**WHAT NEEDS TO BE DONE**
Reproduce exactly the line with "Costa Rica Tarrazu" and every line that follows it below, up to and including the last one. Do not include pictures or anything else.

##### PROVIDED MATERIAL

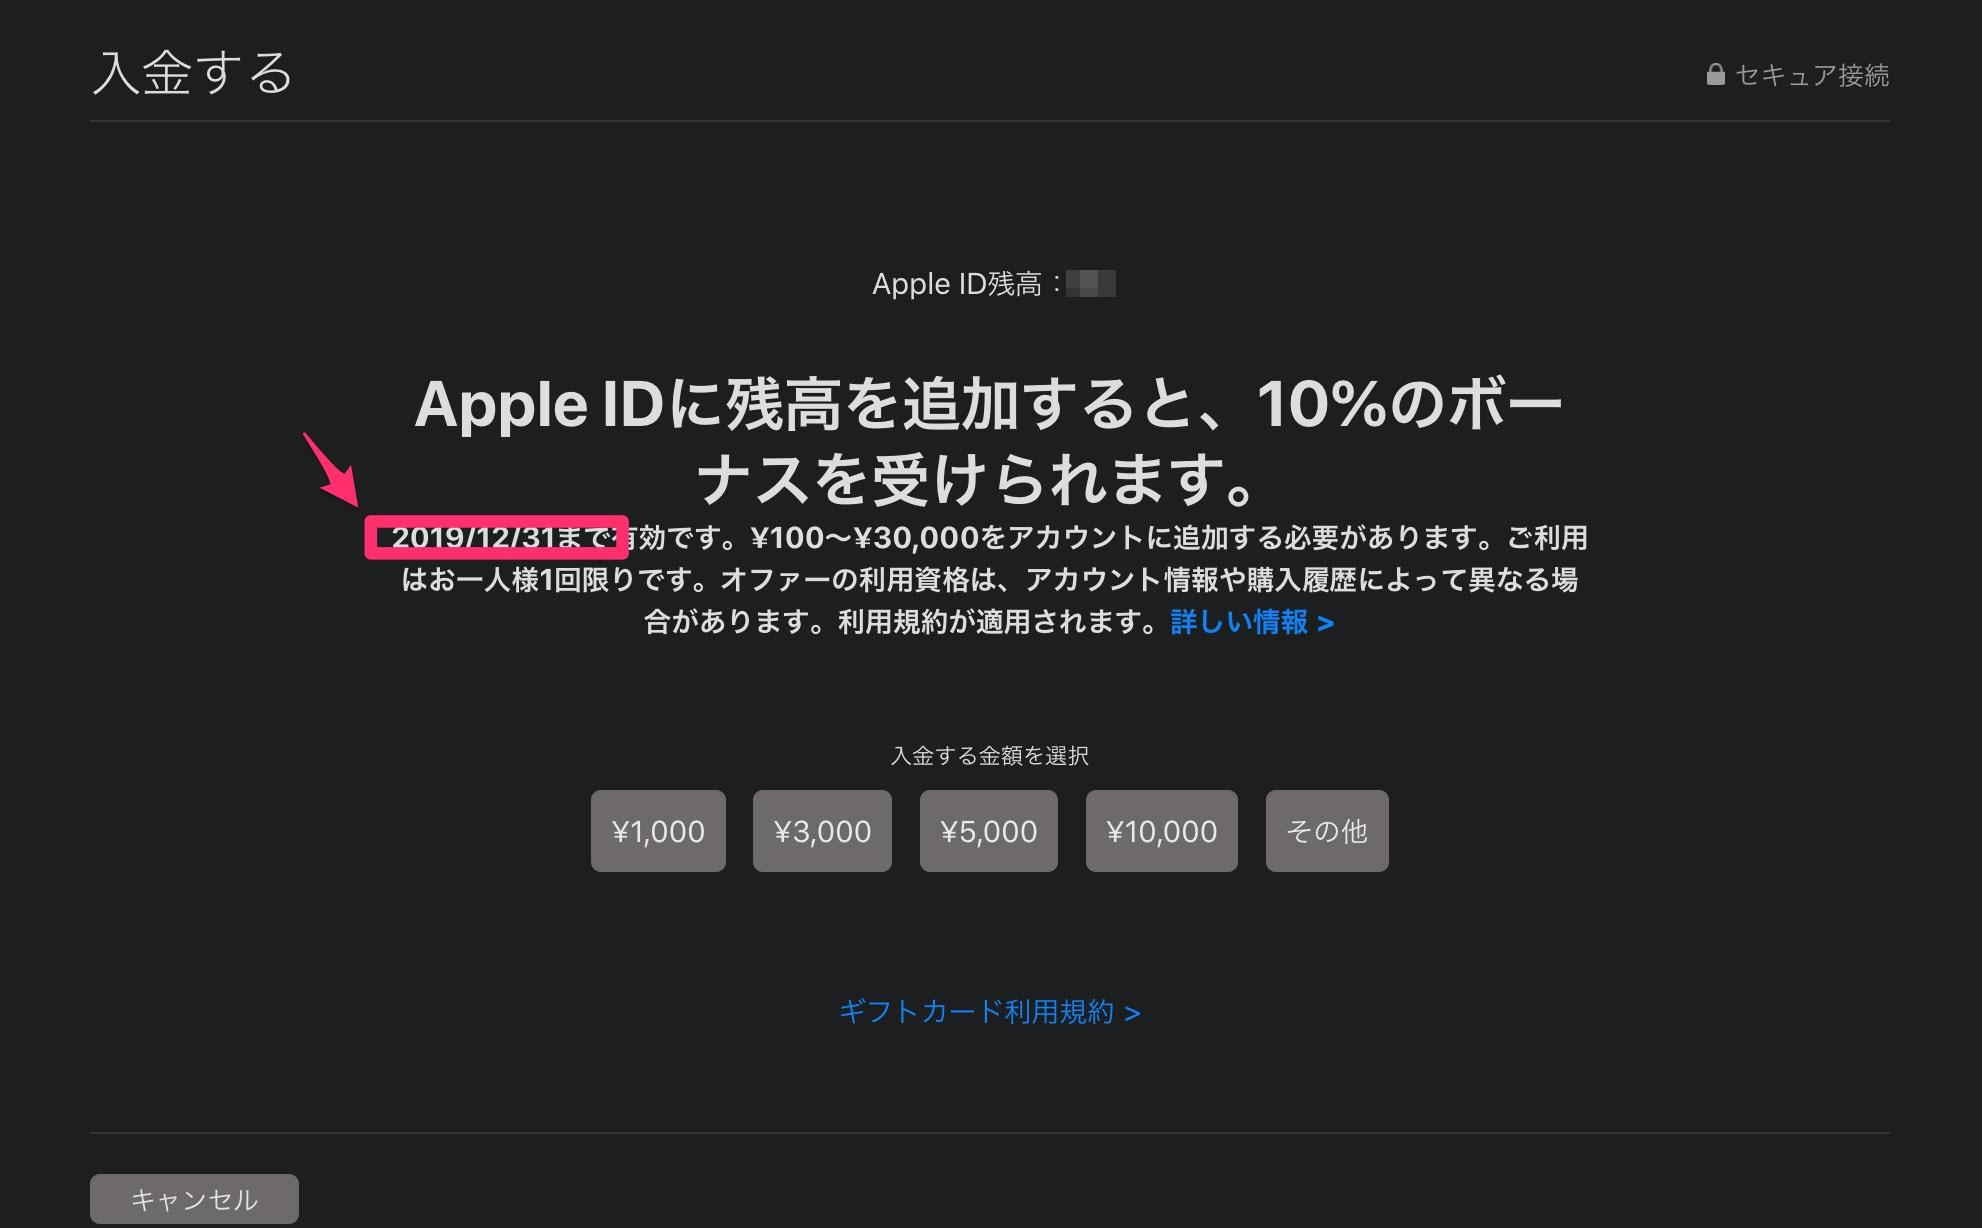 Apple IDに入金すると、10%のボーナスがもらえるキャンペーンが12月31日まで期間延長
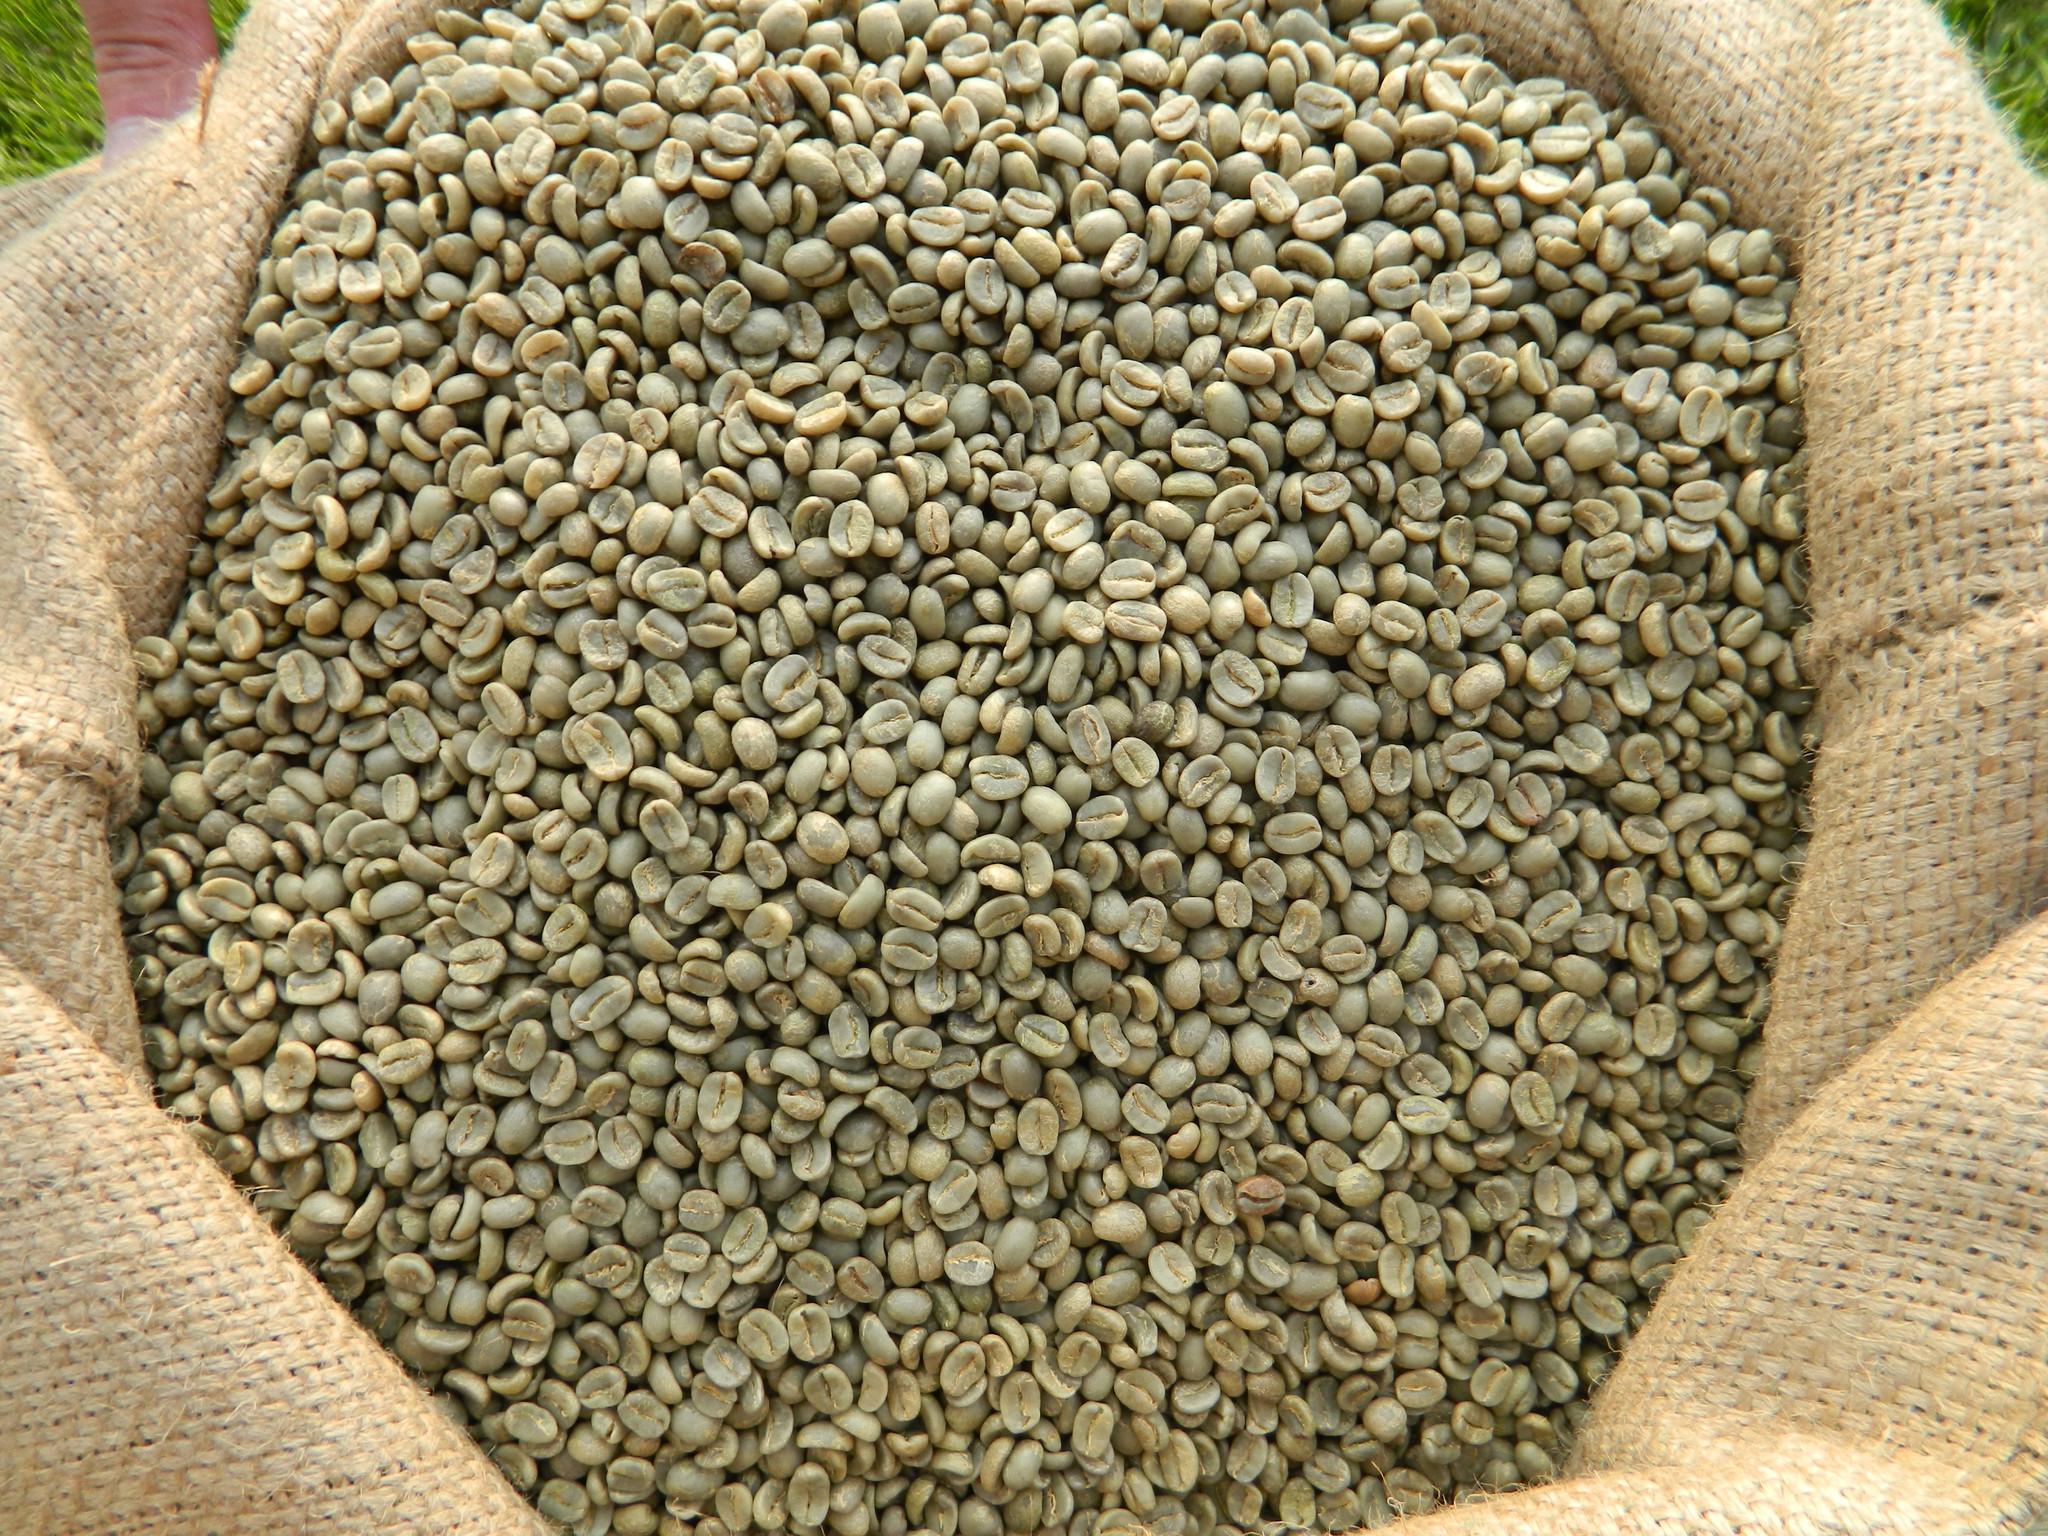 Costa Rica Tarrazu La Pastora Coopetarrazu RFA Arabica Coffee.
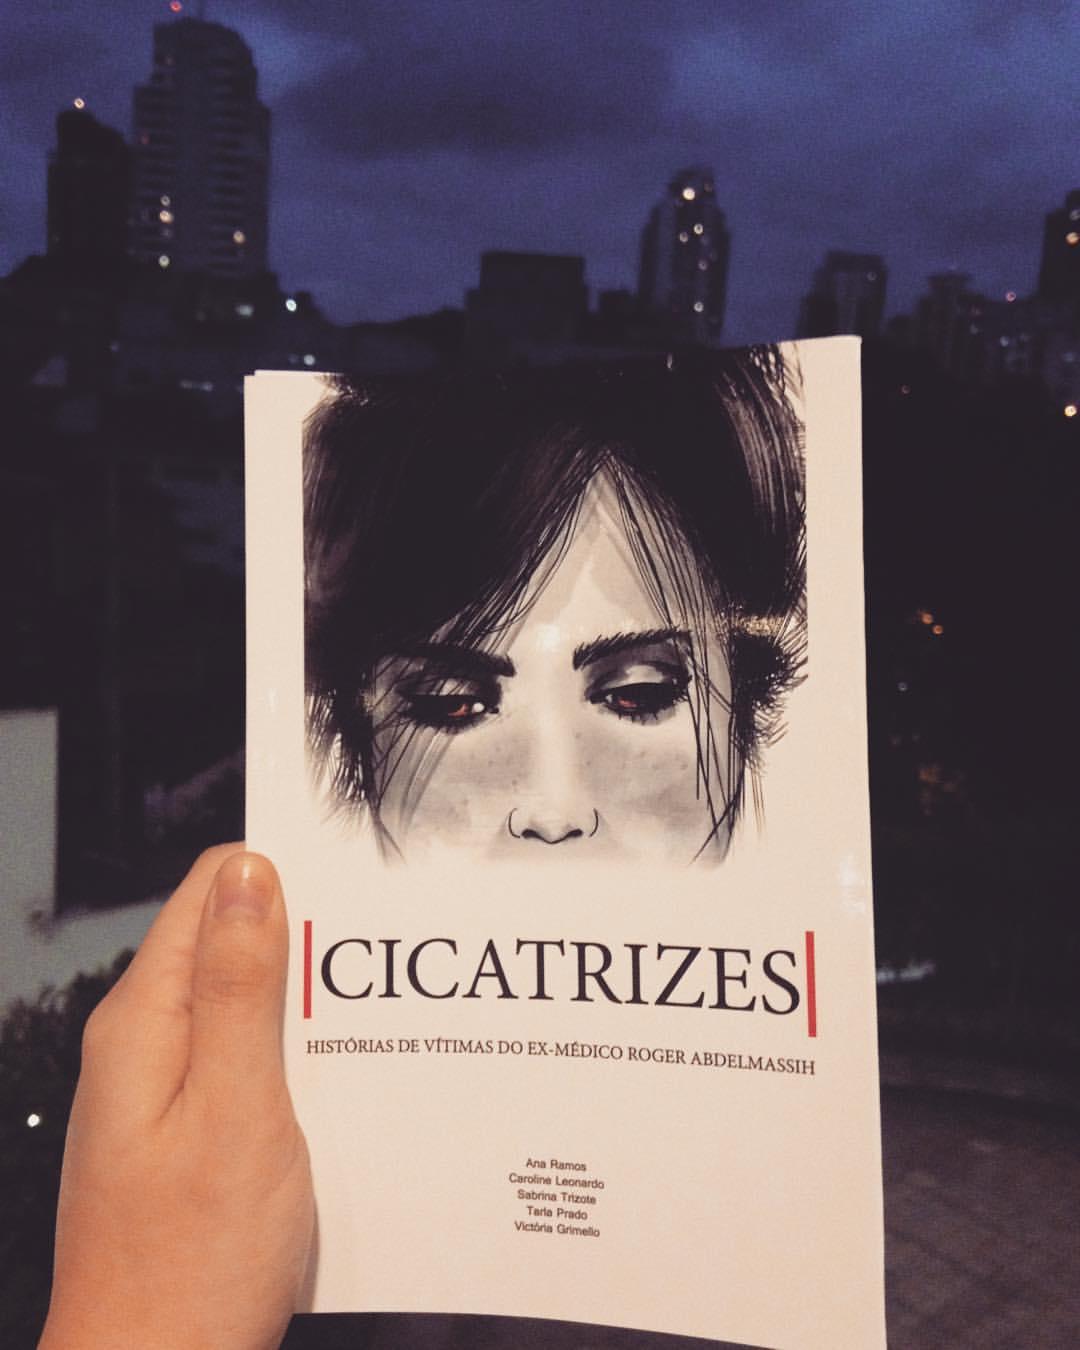 livrocicatrizes-tcc-jornalismo-fapcom

##########

**COMPLETED EXERCISE**
 Costa Rica Tarrazu La Pastora Coopetarrazu RFA Arabica Coffee.
 livrocicatrizes-tcc-jornalismo-fapcom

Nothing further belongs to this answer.